The PR also introduces a new option use_smt_array_index_analysis to DependencyTools and ParallelLoopTrans which enables use of the new analysis in place of DepdencyTools's current array conflict analysis.

To install the Z3 solver:

$ pip install z3-solver

The analysis is broadly explained in source code comments.

There is also a set of examples showing what the analysis is capable of (and not capable of), available here. None of these examples are solved by PSyclone's existing loop analysis, and all can be solved by the SMT-based analysis.

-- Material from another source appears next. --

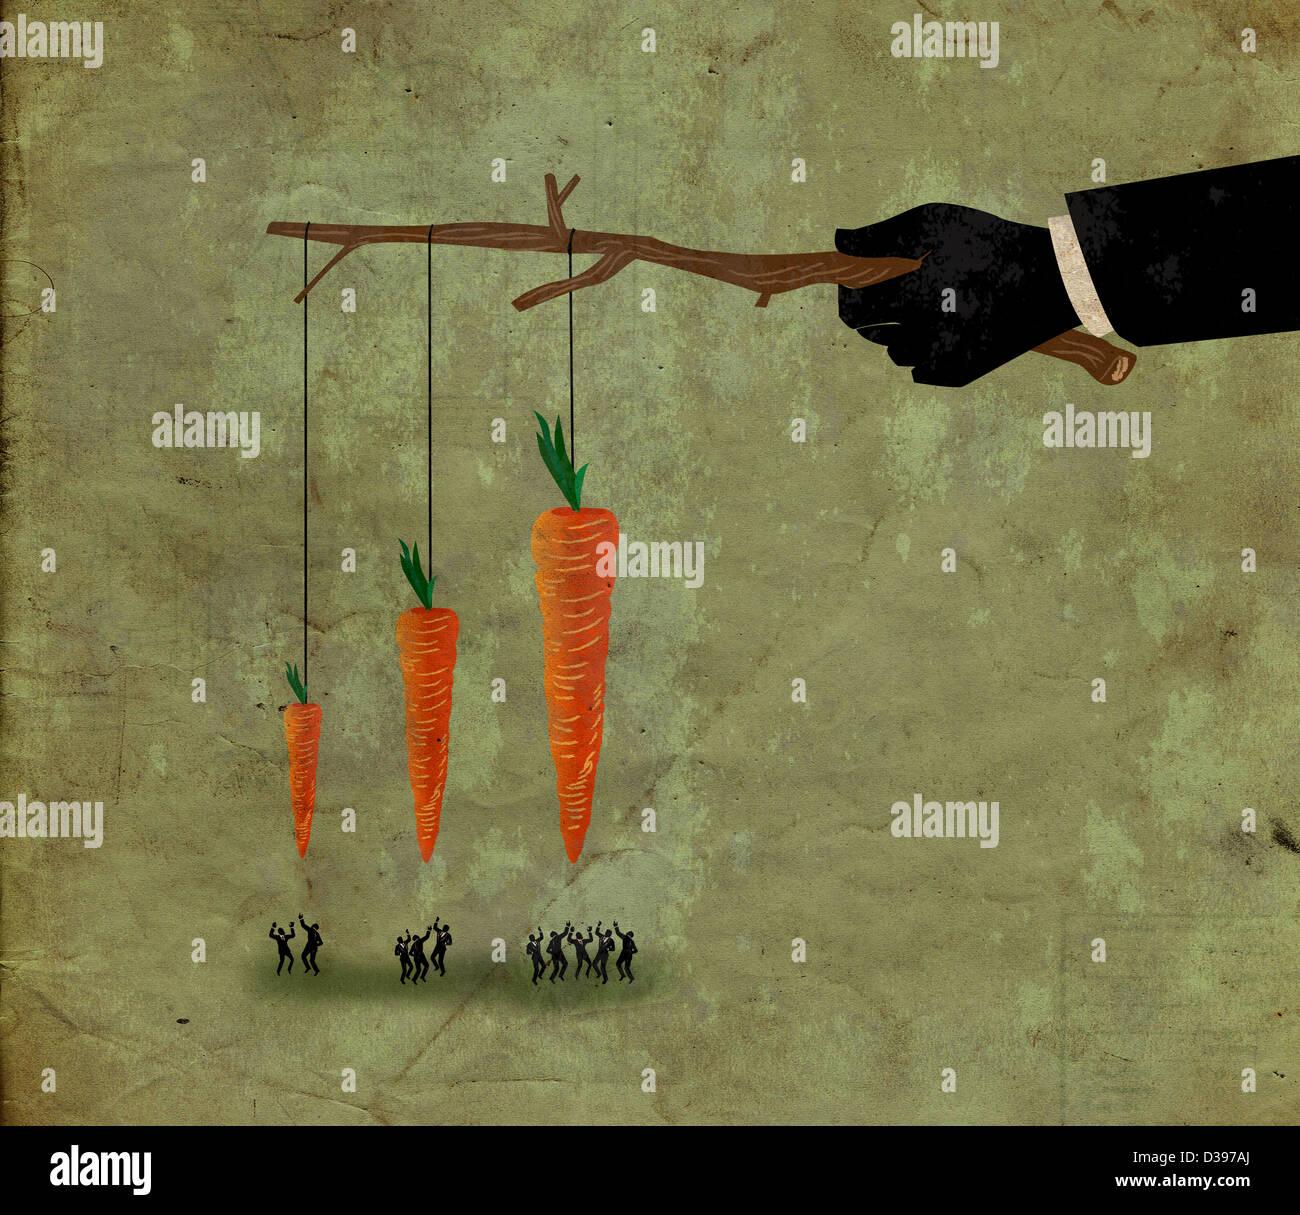 Coup d'illustration de gens d'affaires de sauter pour la carotte illustrant la concurrence pour inciter Photo Stock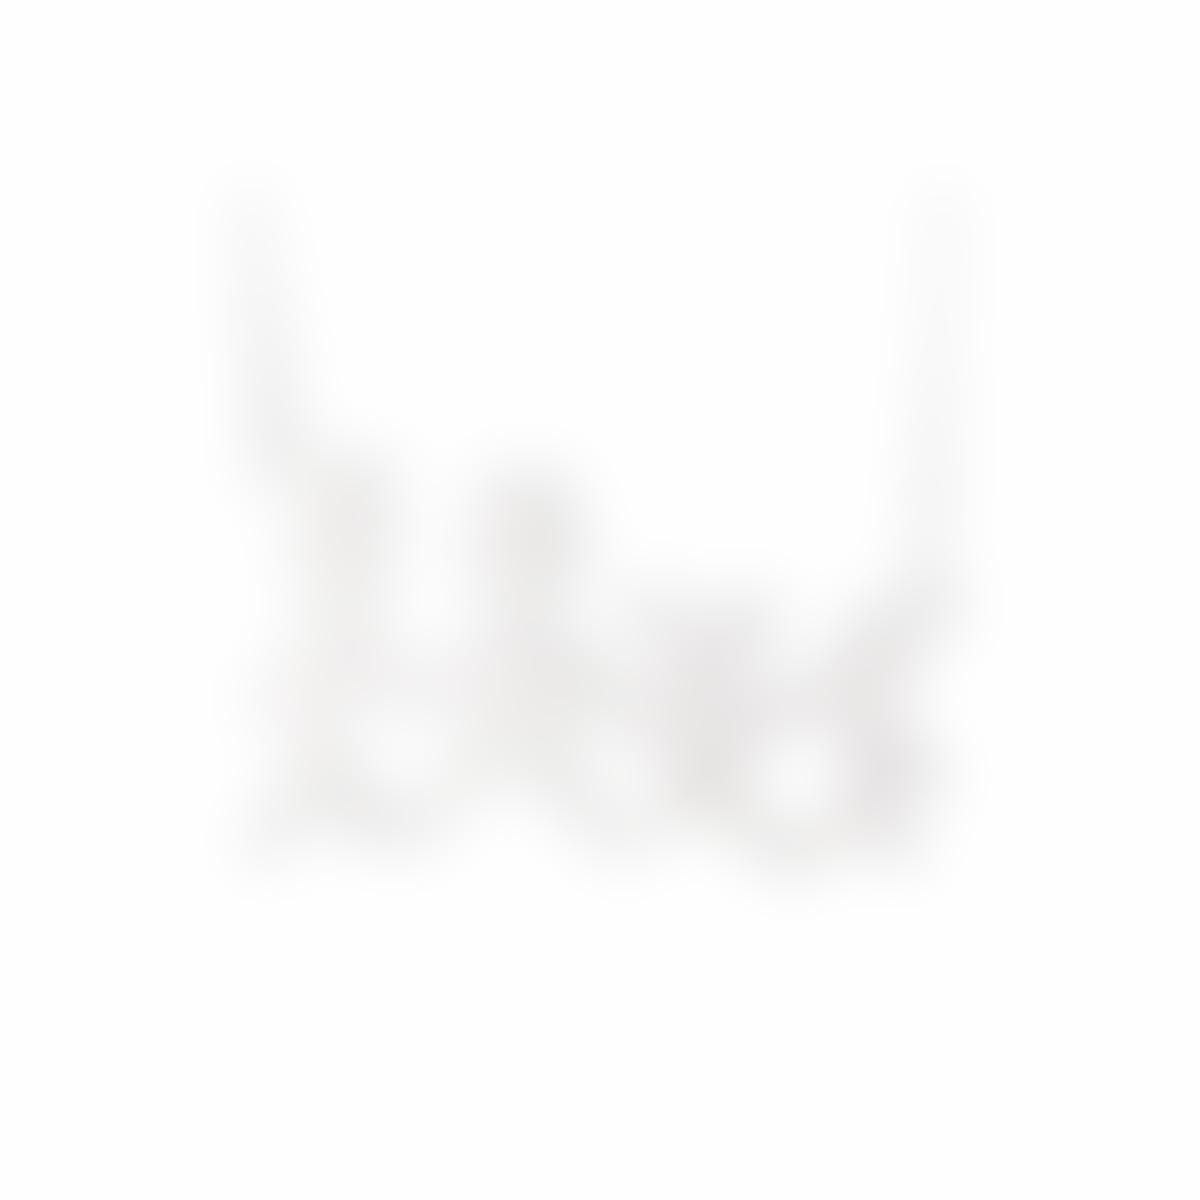 Colore Nero con Logo Bianco Bermuda Uomo MOD Bermuda Mesh St Stripes Pyrex Shorts Collezione Primavera Estate 2018 Art.UPY33818NERO

Matthew Naylor added 4 commits November 5, 2025 13:59
@arporter
Copy link
Member

arporter commented Nov 7, 2025

This feels like one for @hiker to look at as he did DependencyTools - without looking at the code my feeling is that it would make sense for extra sophistication to go in there rather than into a specific PSyIR node.

EDIT: my mistake - I see you say you've added a new class to encapsulate this functionality. I'd still like to see whether it makes sense to merge it/include it with DependencyTools though.

@mn416
Copy link
Collaborator Author

mn416 commented Nov 10, 2025

Thanks @arporter. I could call the new analysis from DependencyTools rather than from ParallelLoopTrans to make it more widely accessible. That might be simpler/clearer too. I will have a think about this. It probably makes sense to keep the analysis as a separate class/module though as the problem it solves can be understood in isolation, but maybe I am missing something.

@codecov
Copy link

codecov bot commented Nov 10, 2025

Codecov Report

✅ All modified and coverable lines are covered by tests.
✅ Project coverage is 99.90%. Comparing base (761be74) to head (9eef149).
⚠️ Report is 187 commits behind head on master.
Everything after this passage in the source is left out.